WHAT TO WORK ON: Reproduce, word for word, the lines in the material below starting with the one that has "#design #graphic #typographic" and going on through the one that has "fond de pierre de marbre photo". Leave out all pictures.

EXTRACTED RECORDS:

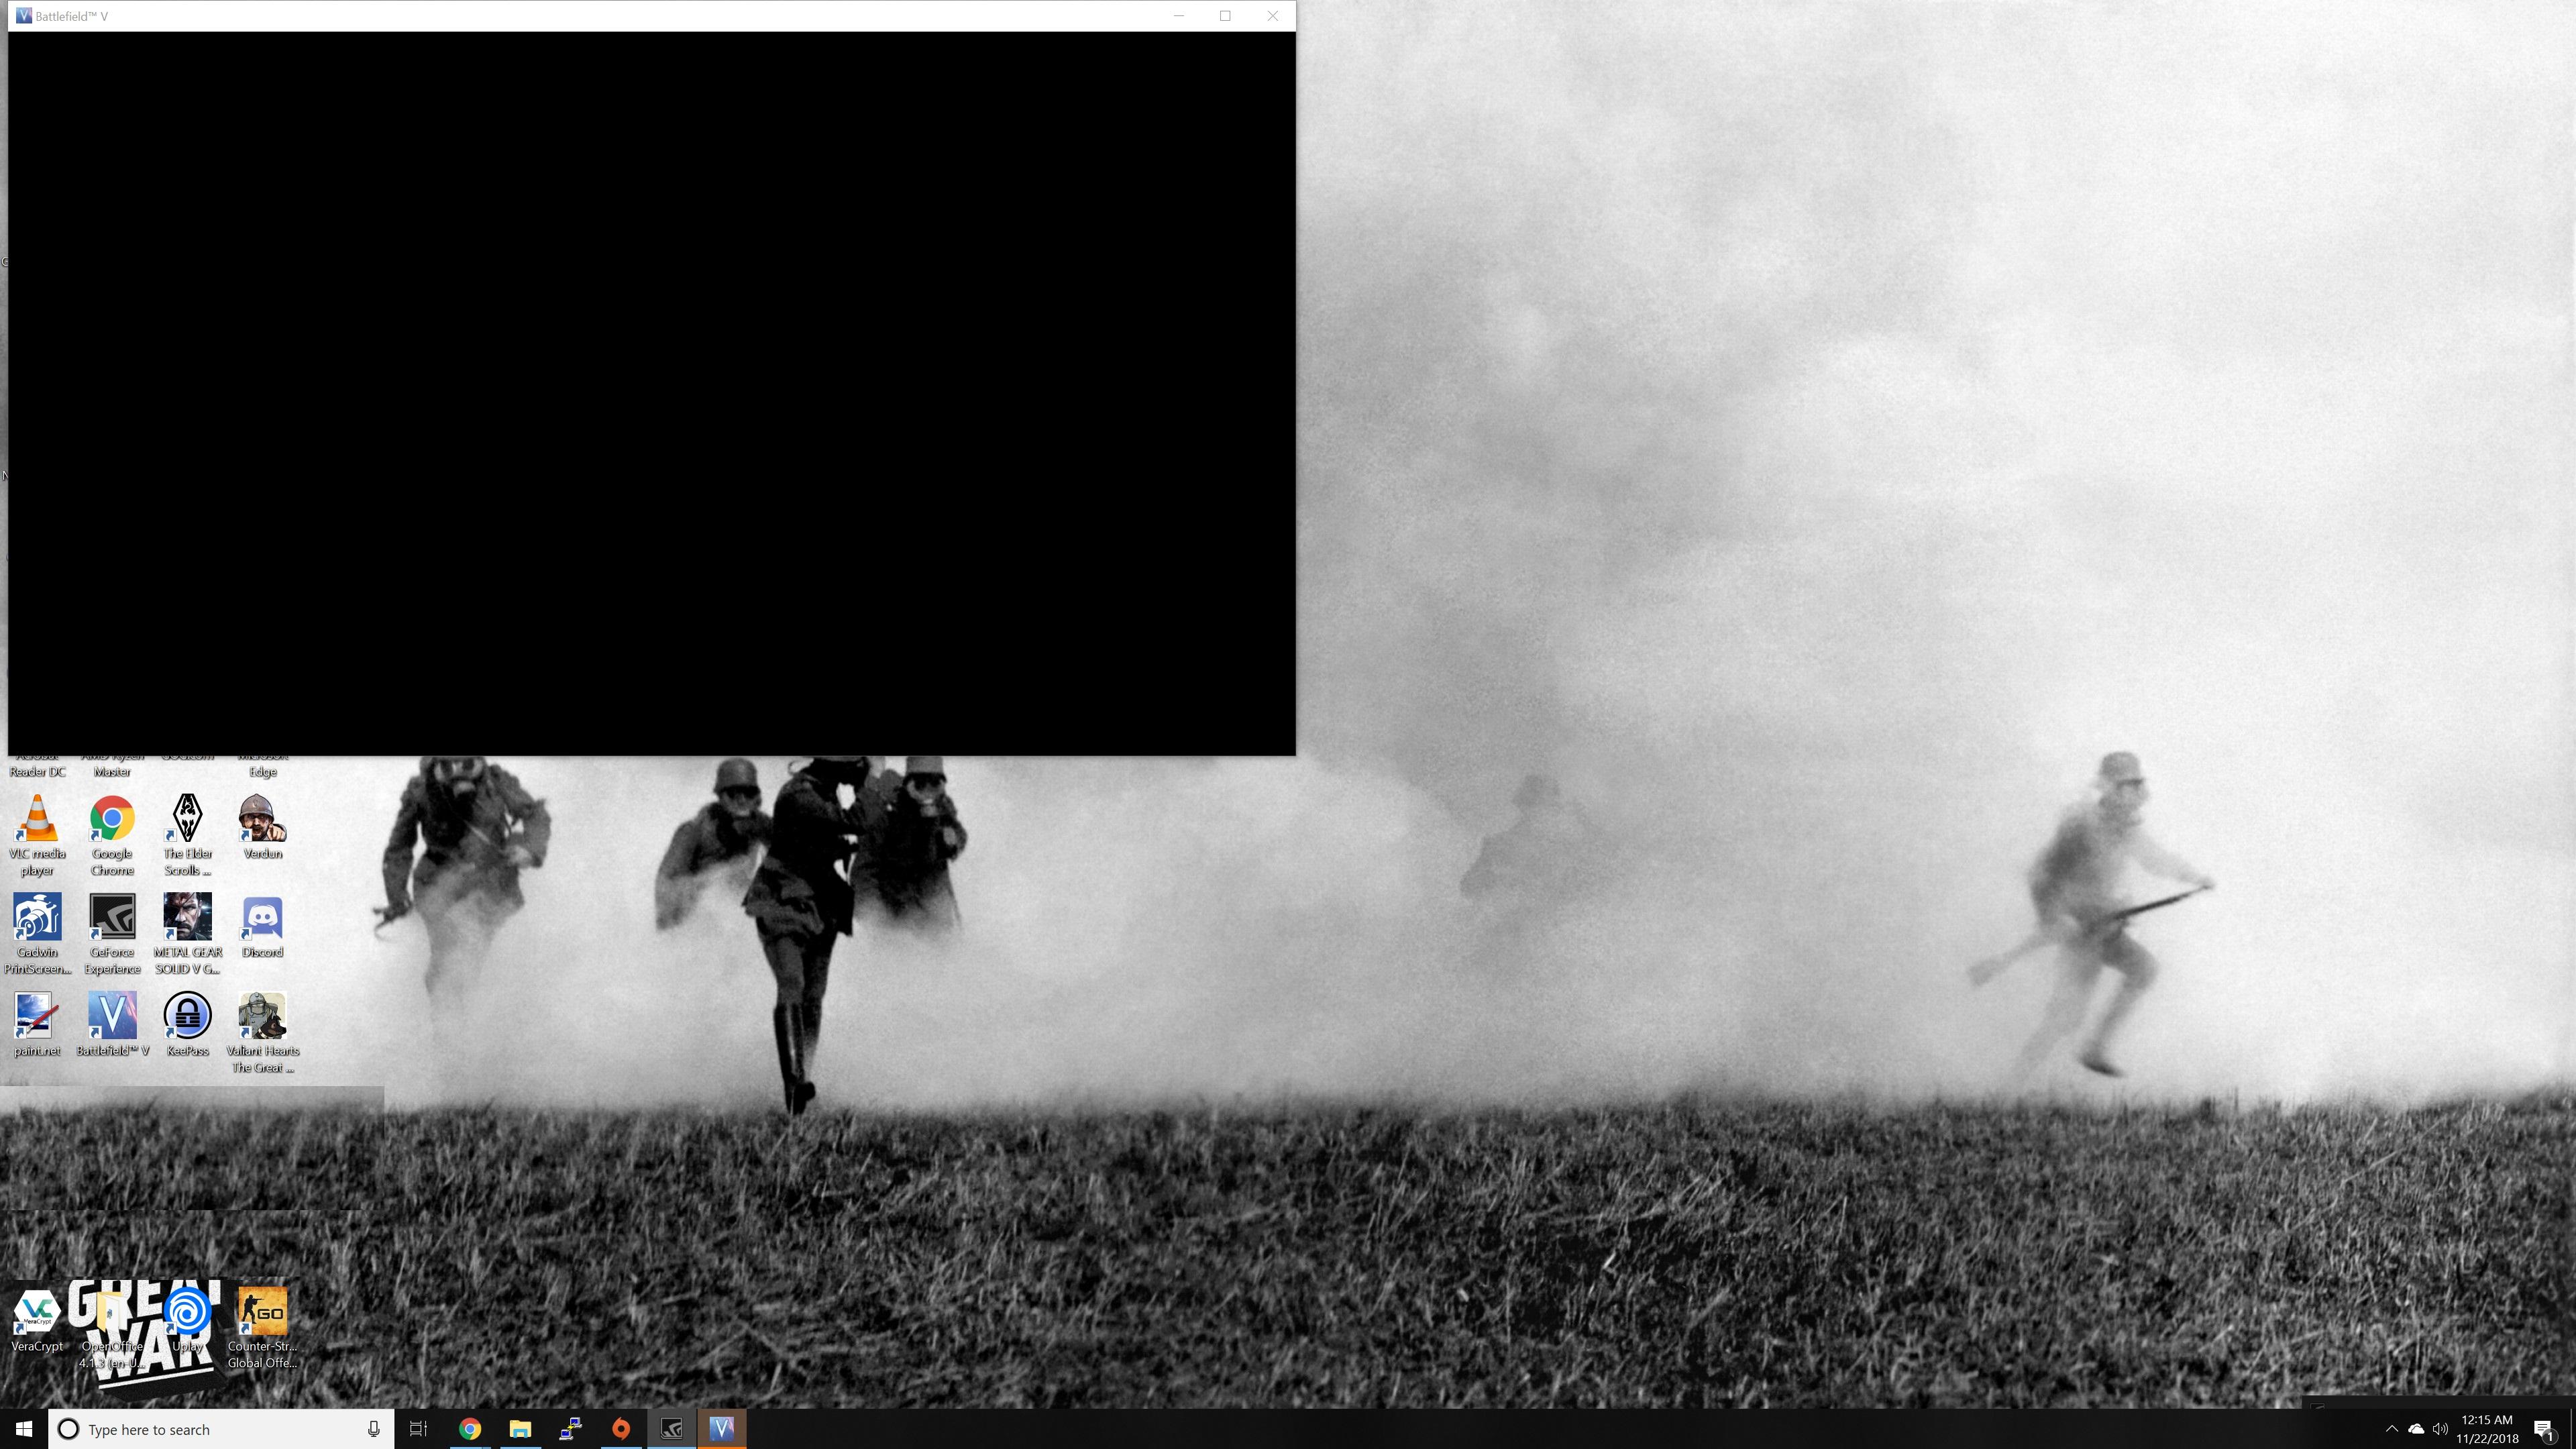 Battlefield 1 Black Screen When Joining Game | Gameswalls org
---
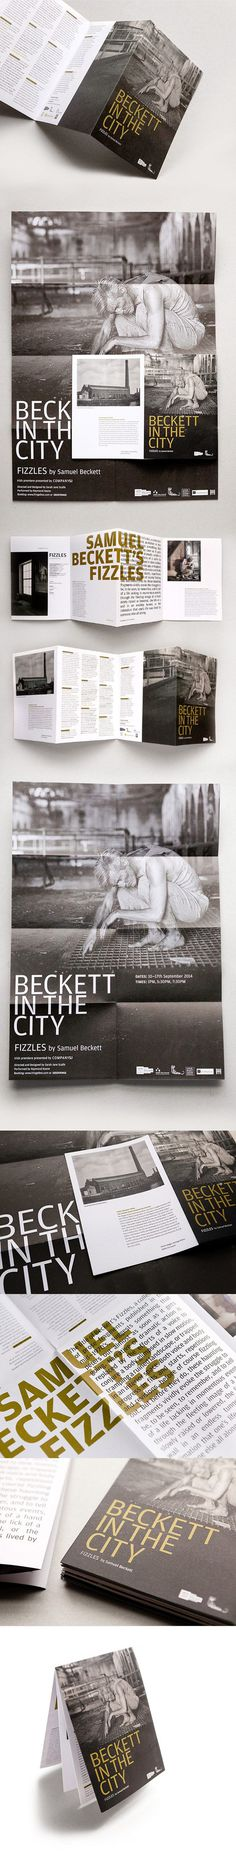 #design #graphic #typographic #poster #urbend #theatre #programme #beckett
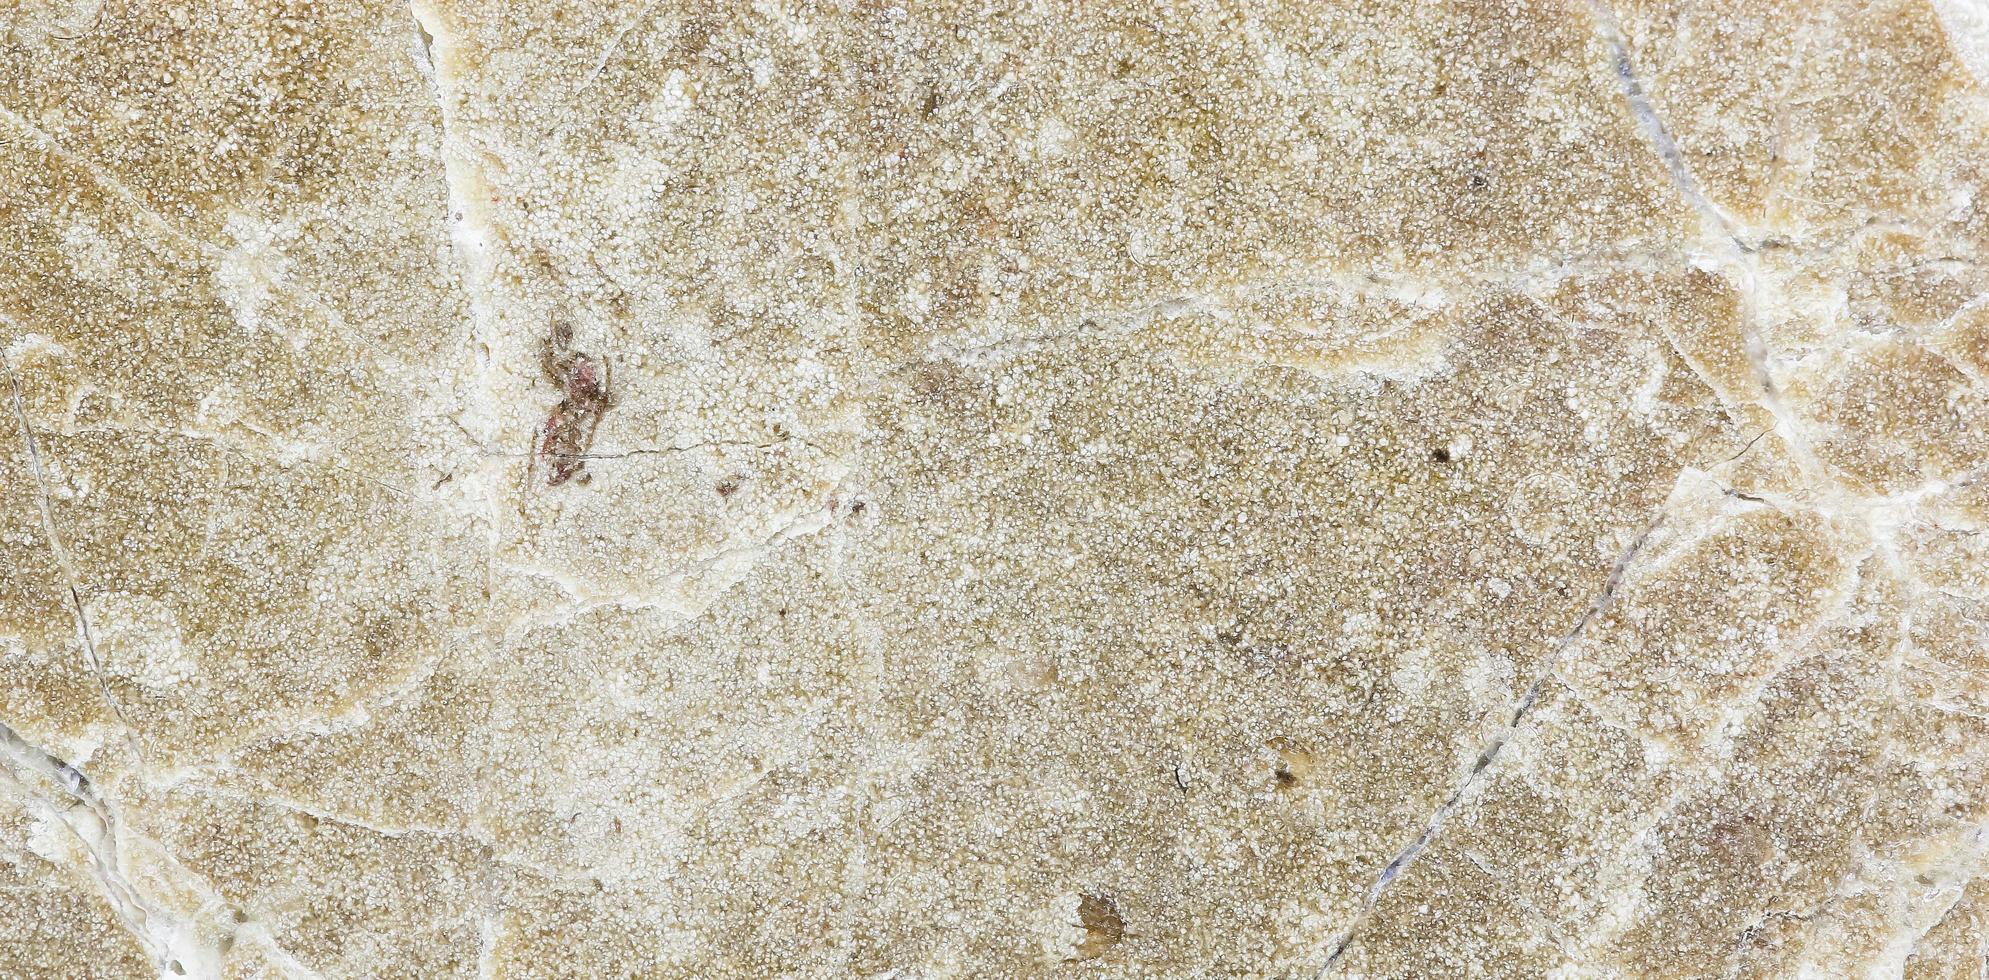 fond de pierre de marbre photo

TASK ANSWER:
 #design #graphic #typographic #poster #urbend #theatre #programme #beckett
 fond de pierre de marbre photo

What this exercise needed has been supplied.